CRISPR-Cas9 genome engineering: Treating inherited retinal degeneration

Abstract

Gene correction is a valuable strategy for treating inherited retinal degenerative diseases, a major cause of irreversible blindness worldwide. Single gene defects cause the majority of these retinal dystrophies. Gene augmentation holds great promise if delivered early in the course of the disease, however, many patients carry mutations in genes too large to be packaged into adeno-associated viral vectors and some, when overexpressed via heterologous promoters, induce retinal toxicity. In addition to the aforementioned challenges, some patients have sustained significant photoreceptor cell loss at the time of diagnosis, rendering gene replacement therapy insufficient to treat the disease. These patients will require cell replacement to restore useful vision. Fortunately, the advent of induced pluripotent stem cell and CRISPR-Cas9 gene editing technologies affords researchers and clinicians a powerful means by which to develop strategies to treat patients with inherited retinal dystrophies. In this review we will discuss the current developments in CRISPR-Cas9 gene editing in vivo in animal models and in vitro in patient-derived cells to study and treat inherited retinal degenerative diseases.

Keywords: CRISPR-Cas9; Genome engineering; Induced pluripotent stem cells; Retinal degeneration; Transplantation.

Figure 1.. The CRISPR-Cas systems function in bacteria and archea as adaptive immune systems against foreign genetic material.

The system is composed of a CRISPR array of alternating conserved repeats and target-specific spacers (protospacers) acquired from fragments of foreign genetic material. The bacterium creates a heritable memory of infection. Upon entry of a foreign invader (1 – infection), foreign DNA sequences are incorporated into the bacterial CRISPR locus (2 – acquisition) and subsequently the bacterium transcribes CRISPR RNAs (crRNAs) from the array which associate with Cas effector proteins to create a ribonucleoprotein surveillance complex (RSC) (3 – expression). The RSC recognizes a sequence directly downstream of the crRNA target sequence – the protospacer adjacent motif (PAM). Following guide binding, the Cas nuclease cleaves the target DNA leading to the clearance of the foreign invader (4 – interference) (Leenay and Beisel, 2017).

Figure 2.. AAV serotype transduction comparison following subretinal injection in mouse retina.

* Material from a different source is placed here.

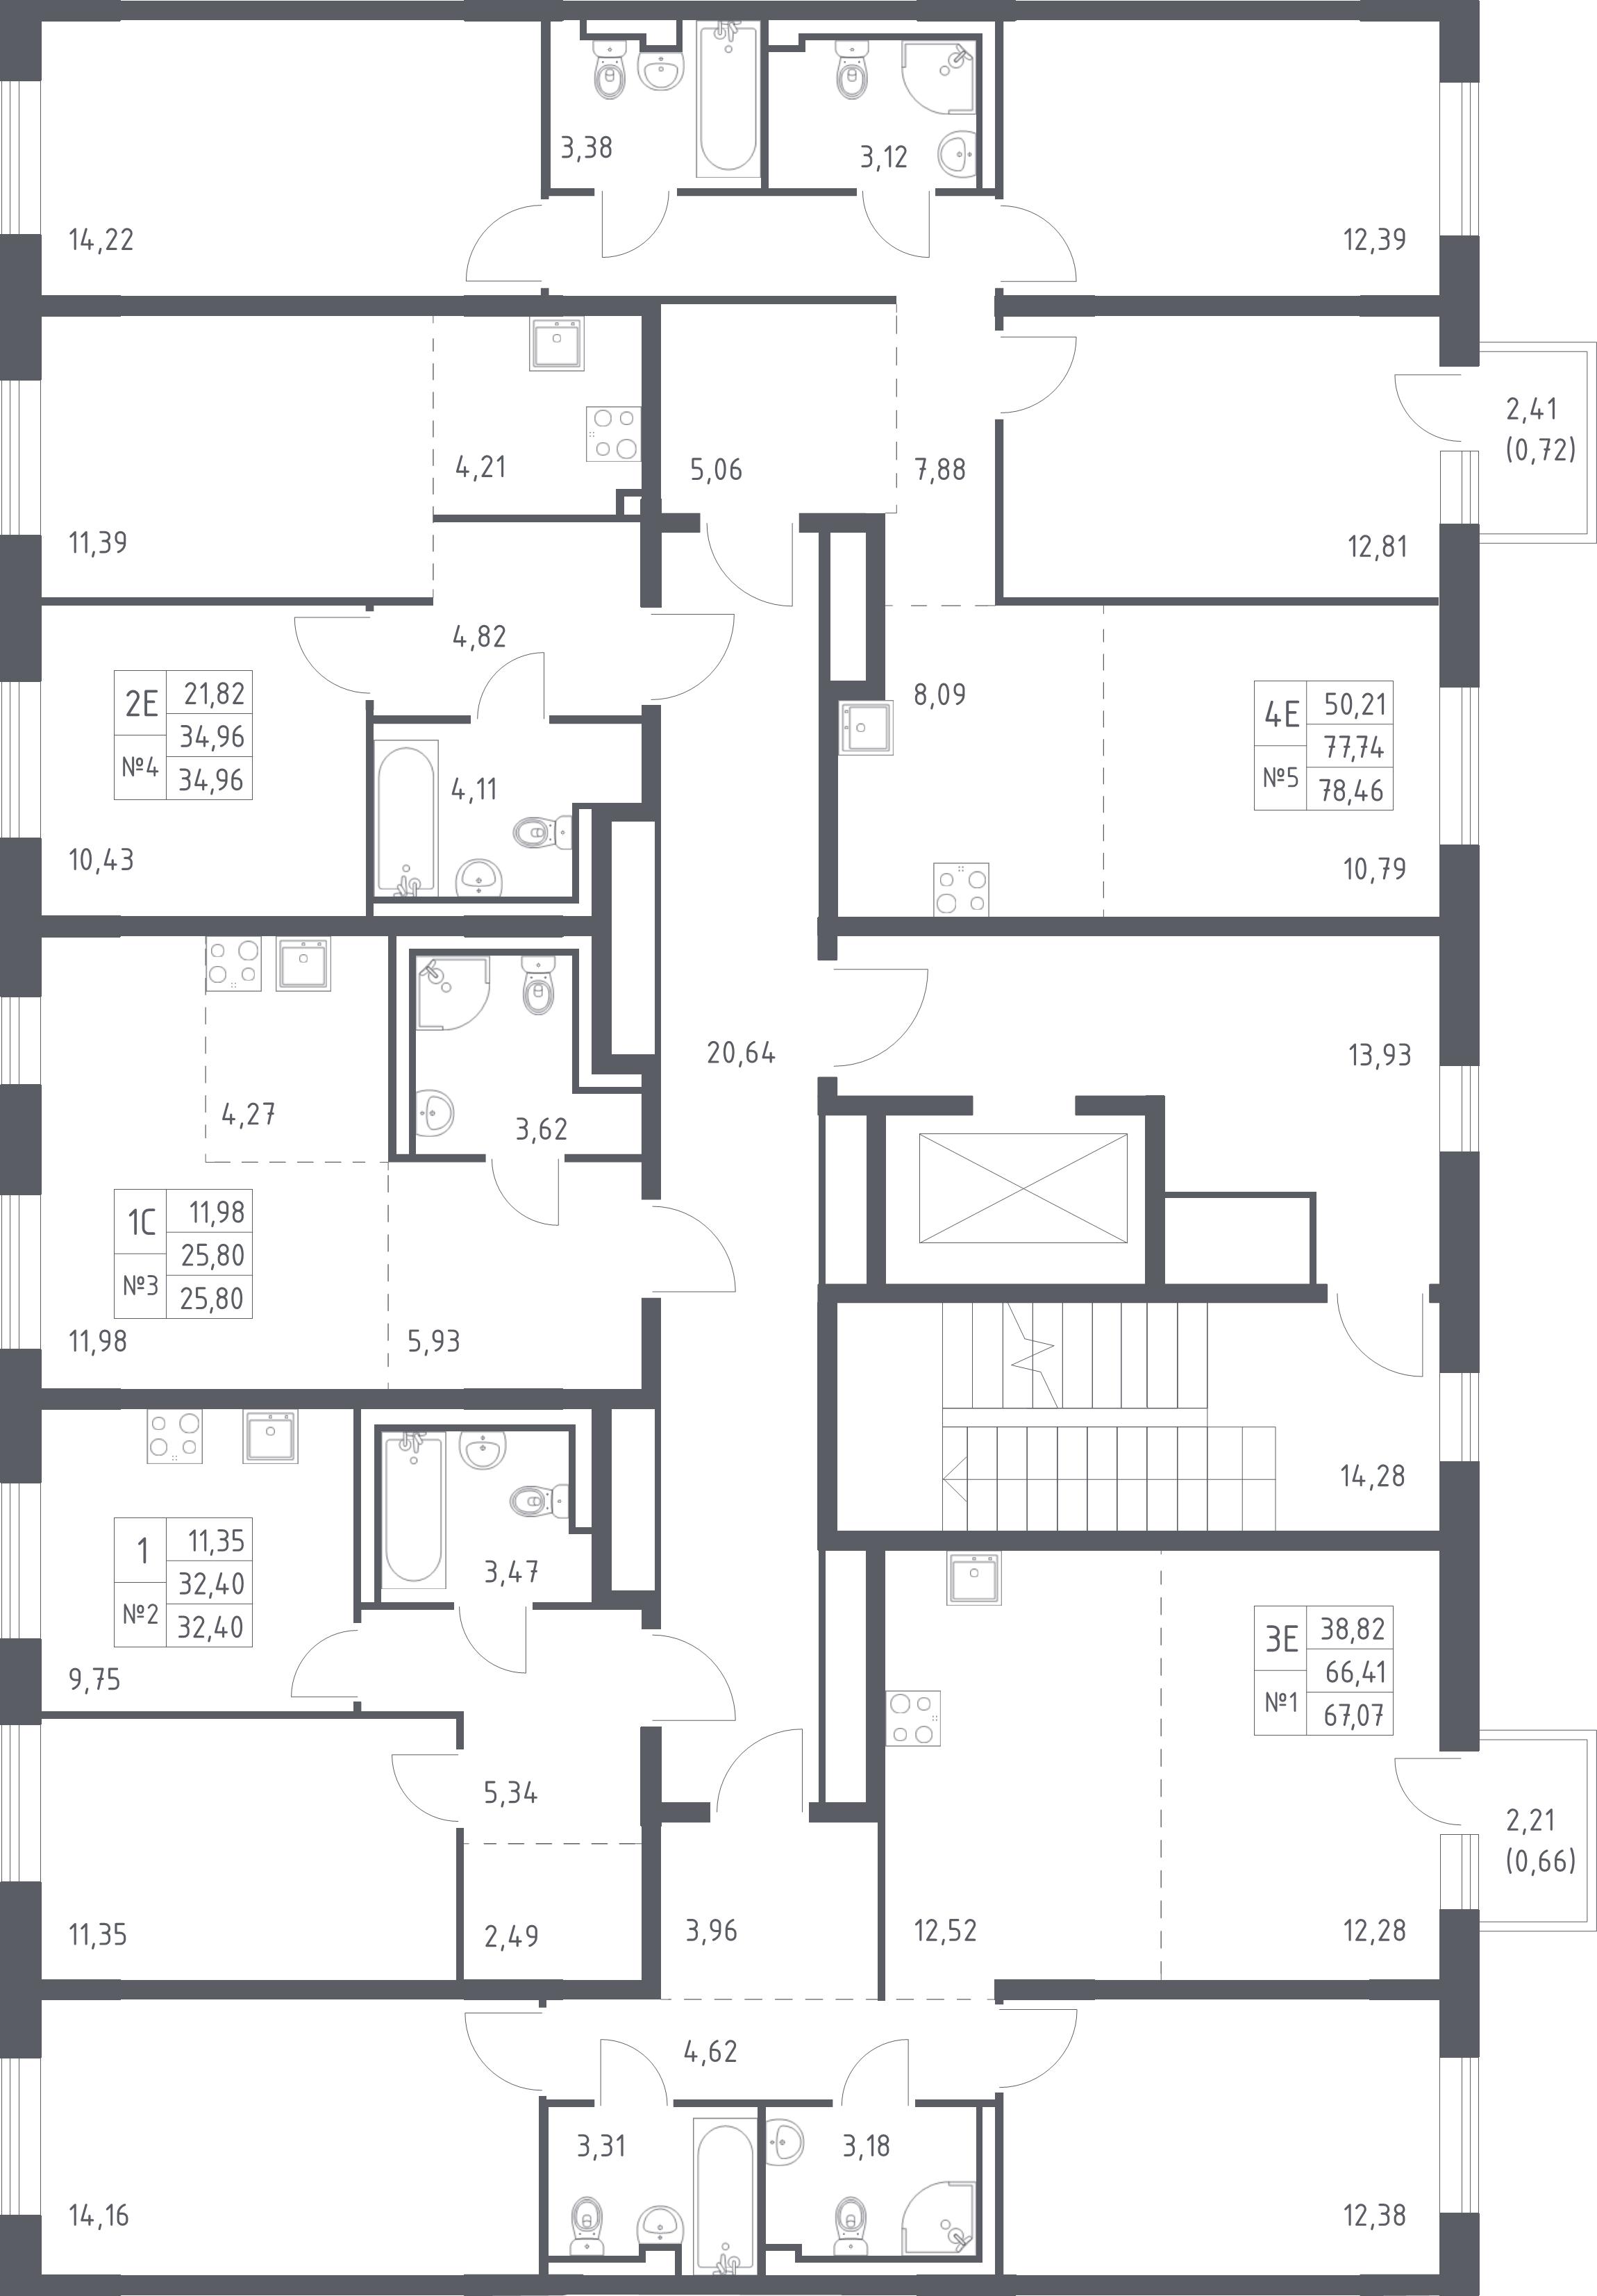 4-комнатная (Евро) квартира, 78.46 м² - планировка этажа

A) Schematic digram depicting the layers of the neural retinal and placement of AAV vectors in vivo. B-H) Immunohistochemical analysis of GFP expression (green) driven by seven different AAV serotypes two weeks post-subretinal injection. Representative z-stacks are shown for each of AAV1 (B-B’), AAV2 (C-C’), AAV4 (D-D’), AAV5 (E-E’), AAV6 (F-F’), AAV8 (G-G’) and AAV9 (H-H’). DAPI was used to visualize retinal nuclei. NFL – nerve fiber layer, GCL – ganglion cell layer, IPL – inner plexiform layer, INL – inner nuclear layer, OPL – outer plexiform layer, ONL – outer nuclear layer, IS/OS – photoreceptor cell inner and outer segments. Scale bars = 50 μm.

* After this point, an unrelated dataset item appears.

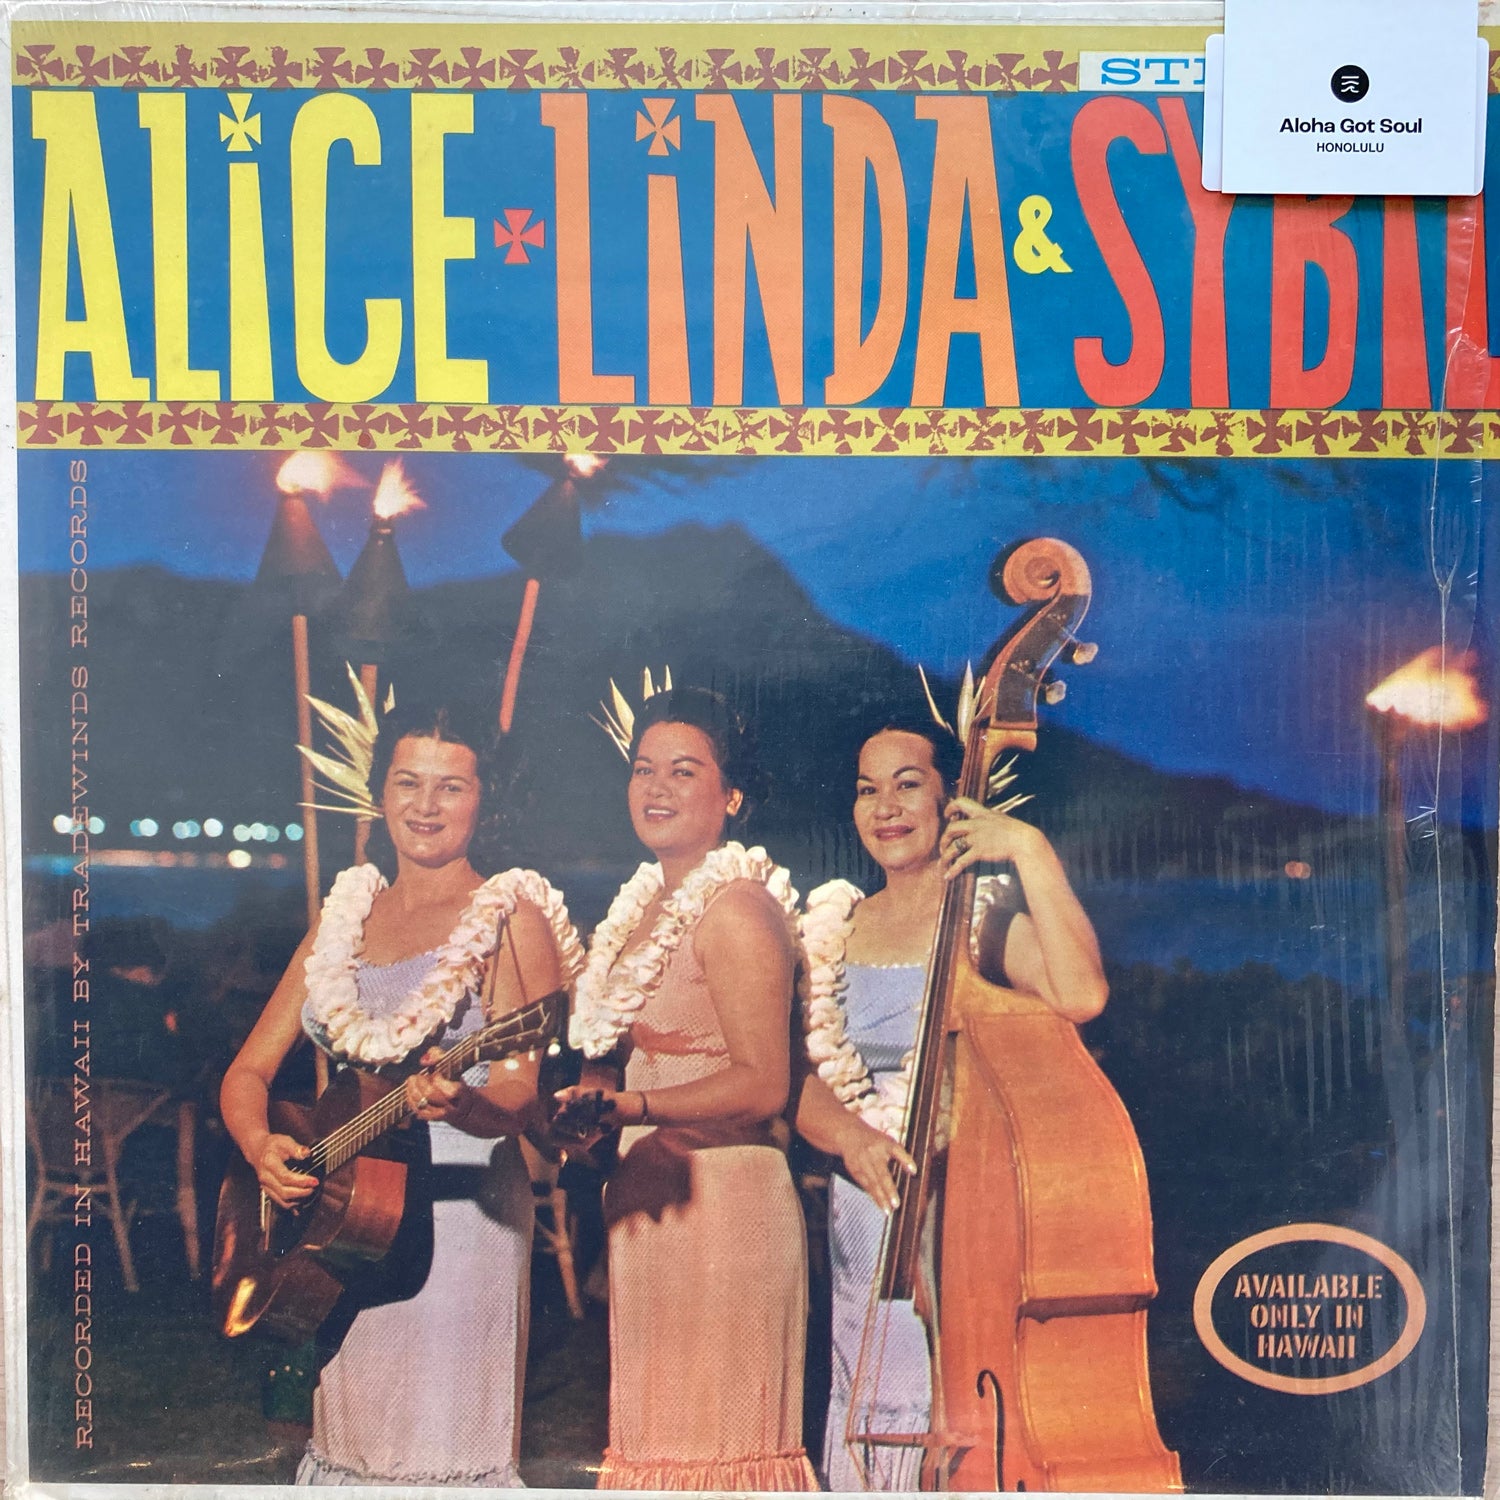 Alice Fredlund Serenaders - Alice, Linda & Sybil

Figure 3.. Efficency of CRISPR based genome editing.

A-B: Immunohistochemical analysis of GFP expression (green) following transduction of human retinal explants with AAV5-GFP at 1 week post-subretinal delivery. Unlike in vitro HEK293 transfection efficiency, which is near 100%, AAV5 based gene delivery vectors typically transduce less that 50% of the photoreceptor cells targeted. C: In vitro NHEJ efficiency. Of 40 sgRNAs targeting ten independent genes associated with inherited retinal degenerative disease, an average NHEJ efficiency of 20.6 ± 1.3% NHEJ was detected.

Figure 4.. Human retinal tissue engineering.

The inner retina, which is preserved during inherited retinal degeneration, and the photoreceptor cell layer are intimately connected (schematic shown in A). The outer nuclear layer (ONL) comprises photoreceptor cell bodies stacked in columns while the outer segments are tightly packed side-by-side in close contact with the RPE (not shown). When viewed en face via phase contrast microscopy (B), human photoreceptor cells appear very tightly packed in a hexagonal array. This architecture can be closely recapitulated using high-resolution 3D printing (C-E), enabling the creation of photoreceptor cell scaffolds (F-H) meant to enable proper function and integration with the host inner retina. These highly tunable structures can facilitate close cell packing, guide cell orientation, and release small molecules that encourage synaptogenesis (I). GCL – ganglion cell layer, IPL – inner plexiform layer, INL – inner nuclear layer, OPL – outer plexiform layer, ONL – outer nuclear layer, IS/OS – photoreceptor cell inner and outer segments.